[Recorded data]
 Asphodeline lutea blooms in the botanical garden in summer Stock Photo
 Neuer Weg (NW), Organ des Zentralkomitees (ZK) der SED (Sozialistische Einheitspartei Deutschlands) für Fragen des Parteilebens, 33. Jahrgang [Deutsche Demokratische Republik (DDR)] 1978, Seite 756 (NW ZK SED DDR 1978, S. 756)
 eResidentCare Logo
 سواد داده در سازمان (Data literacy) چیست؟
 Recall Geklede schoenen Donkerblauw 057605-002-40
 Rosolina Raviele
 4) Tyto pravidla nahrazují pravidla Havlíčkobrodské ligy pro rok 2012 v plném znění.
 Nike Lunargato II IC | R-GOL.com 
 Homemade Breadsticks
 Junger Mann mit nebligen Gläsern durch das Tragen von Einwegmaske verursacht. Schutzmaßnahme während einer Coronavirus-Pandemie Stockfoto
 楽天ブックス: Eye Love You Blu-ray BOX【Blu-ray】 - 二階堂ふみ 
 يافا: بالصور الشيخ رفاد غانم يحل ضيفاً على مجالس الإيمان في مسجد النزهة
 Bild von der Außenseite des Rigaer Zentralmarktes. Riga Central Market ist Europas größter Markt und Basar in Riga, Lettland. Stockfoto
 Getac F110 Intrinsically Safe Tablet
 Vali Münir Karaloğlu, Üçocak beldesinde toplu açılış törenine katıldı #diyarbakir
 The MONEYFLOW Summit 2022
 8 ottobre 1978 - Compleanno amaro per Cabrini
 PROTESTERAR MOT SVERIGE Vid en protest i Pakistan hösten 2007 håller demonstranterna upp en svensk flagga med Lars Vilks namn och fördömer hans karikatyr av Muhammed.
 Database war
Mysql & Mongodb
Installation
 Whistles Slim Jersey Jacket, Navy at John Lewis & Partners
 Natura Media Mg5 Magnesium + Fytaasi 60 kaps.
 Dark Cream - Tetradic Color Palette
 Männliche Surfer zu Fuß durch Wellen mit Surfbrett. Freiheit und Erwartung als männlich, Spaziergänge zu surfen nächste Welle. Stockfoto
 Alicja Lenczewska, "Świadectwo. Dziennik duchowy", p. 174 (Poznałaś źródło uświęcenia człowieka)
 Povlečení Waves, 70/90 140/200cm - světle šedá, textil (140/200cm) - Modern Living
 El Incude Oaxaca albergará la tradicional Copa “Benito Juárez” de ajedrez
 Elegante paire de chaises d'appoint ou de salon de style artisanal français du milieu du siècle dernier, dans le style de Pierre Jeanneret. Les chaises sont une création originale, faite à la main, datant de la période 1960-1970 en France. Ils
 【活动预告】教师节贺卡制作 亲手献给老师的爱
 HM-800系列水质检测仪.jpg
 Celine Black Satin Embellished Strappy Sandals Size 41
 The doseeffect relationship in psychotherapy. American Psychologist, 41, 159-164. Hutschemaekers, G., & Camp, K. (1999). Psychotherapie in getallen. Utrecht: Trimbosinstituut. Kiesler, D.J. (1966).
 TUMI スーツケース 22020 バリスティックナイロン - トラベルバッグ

- Work required
Having gone through the data above, repeat it exactly.

- Finished exercise
 Asphodeline lutea blooms in the botanical garden in summer Stock Photo
 Neuer Weg (NW), Organ des Zentralkomitees (ZK) der SED (Sozialistische Einheitspartei Deutschlands) für Fragen des Parteilebens, 33. Jahrgang [Deutsche Demokratische Republik (DDR)] 1978, Seite 756 (NW ZK SED DDR 1978, S. 756)
 eResidentCare Logo
 سواد داده در سازمان (Data literacy) چیست؟
 Recall Geklede schoenen Donkerblauw 057605-002-40
 Rosolina Raviele
 4) Tyto pravidla nahrazují pravidla Havlíčkobrodské ligy pro rok 2012 v plném znění.
 Nike Lunargato II IC | R-GOL.com 
 Homemade Breadsticks
 Junger Mann mit nebligen Gläsern durch das Tragen von Einwegmaske verursacht. Schutzmaßnahme während einer Coronavirus-Pandemie Stockfoto
 楽天ブックス: Eye Love You Blu-ray BOX【Blu-ray】 - 二階堂ふみ 
 يافا: بالصور الشيخ رفاد غانم يحل ضيفاً على مجالس الإيمان في مسجد النزهة
 Bild von der Außenseite des Rigaer Zentralmarktes. Riga Central Market ist Europas größter Markt und Basar in Riga, Lettland. Stockfoto
 Getac F110 Intrinsically Safe Tablet
 Vali Münir Karaloğlu, Üçocak beldesinde toplu açılış törenine katıldı #diyarbakir
 The MONEYFLOW Summit 2022
 8 ottobre 1978 - Compleanno amaro per Cabrini
 PROTESTERAR MOT SVERIGE Vid en protest i Pakistan hösten 2007 håller demonstranterna upp en svensk flagga med Lars Vilks namn och fördömer hans karikatyr av Muhammed.
 Database war
Mysql & Mongodb
Installation
 Whistles Slim Jersey Jacket, Navy at John Lewis & Partners
 Natura Media Mg5 Magnesium + Fytaasi 60 kaps.
 Dark Cream - Tetradic Color Palette
 Männliche Surfer zu Fuß durch Wellen mit Surfbrett. Freiheit und Erwartung als männlich, Spaziergänge zu surfen nächste Welle. Stockfoto
 Alicja Lenczewska, "Świadectwo. Dziennik duchowy", p. 174 (Poznałaś źródło uświęcenia człowieka)
 Povlečení Waves, 70/90 140/200cm - světle šedá, textil (140/200cm) - Modern Living
 El Incude Oaxaca albergará la tradicional Copa “Benito Juárez” de ajedrez
 Elegante paire de chaises d'appoint ou de salon de style artisanal français du milieu du siècle dernier, dans le style de Pierre Jeanneret. Les chaises sont une création originale, faite à la main, datant de la période 1960-1970 en France. Ils
 【活动预告】教师节贺卡制作 亲手献给老师的爱
 HM-800系列水质检测仪.jpg
 Celine Black Satin Embellished Strappy Sandals Size 41
 The doseeffect relationship in psychotherapy. American Psychologist, 41, 159-164. Hutschemaekers, G., & Camp, K. (1999). Psychotherapie in getallen. Utrecht: Trimbosinstituut. Kiesler, D.J. (1966).
 TUMI スーツケース 22020 バリスティックナイロン - トラベルバッグ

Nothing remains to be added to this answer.